Wow! Well, they are aliens. But they will take the opportunity to ask Nau as delicately as possible if he can be confident he and his ship are definitely properly clean.
If they define 'properly clean' as meaning 'everything inside it has been heated to above the boiling temperature of water at some point since a biological thing last touched it', everything is properly clean except his brain, which is inside a nigh-impenetrable metal case surrounded by his entire body.
They'll call it good! Trade with a hyposensitive civilization will be complicated but arguably not having a caste system probably means they avoided the Amentan problem of having hereditary pollution. Does Nau know what's up with how humans don't seem to want kids?
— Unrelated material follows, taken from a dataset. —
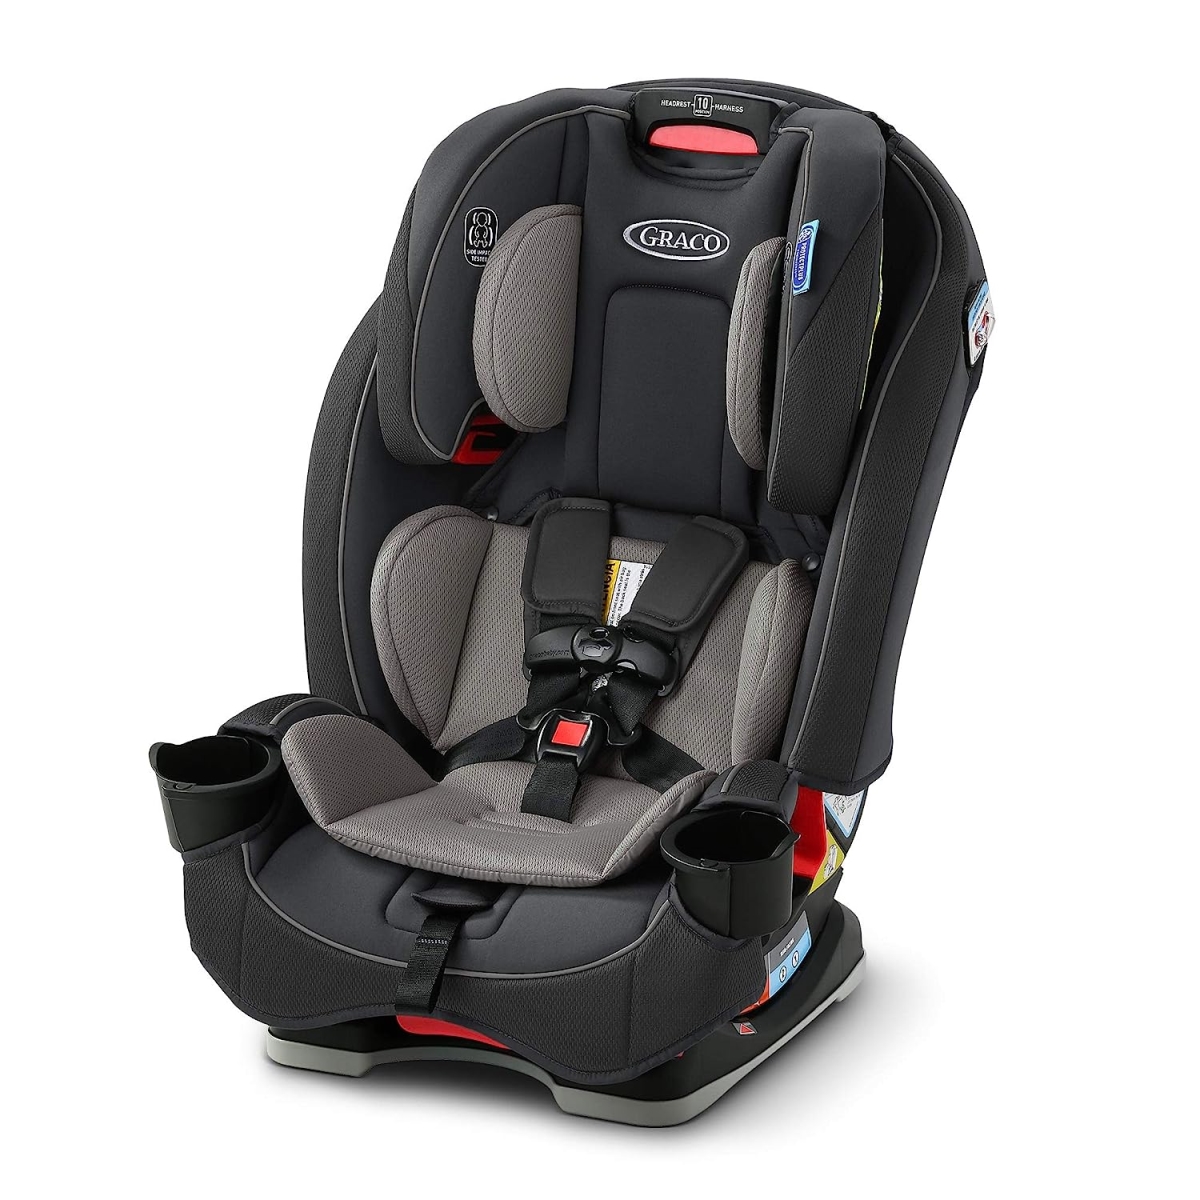 3 in 1 Car Seat  Slimfit 3 in 1 Car Seat | Slim & Comfy Design Saves Space in Your Back Seat, Redmond -  Graco

... Nau isn't quite sure what they mean. He thinks that most people, if you asked them "do you want, at some point in your life, to have children" would answer "yes, definitely?" "Having kids" rates highly on life-satisfaction surveys? HE doesn't want kids because he doesn't feel he's competent to take care of them he's an extreme outlier in many respects, but he's an extreme outlier in many respects.
Okay, but like... they don't want kids a normal amount. For an Amentan. They weren't actually expecting to be different on this axis, because evolution.
Right, how many kids to Amentans want -
Ohmy.
... You know that's actually a really good point, Amentans do seem to be better designed for evolution's purposes than humans are. He doesn't know what's up with that.
(quick check)
Birth rate plummeted when good birth control showed up. So. Uh. Huh. Why don't humans want kids a normal amount for an Amentan? Evolution sure dropped the ball there.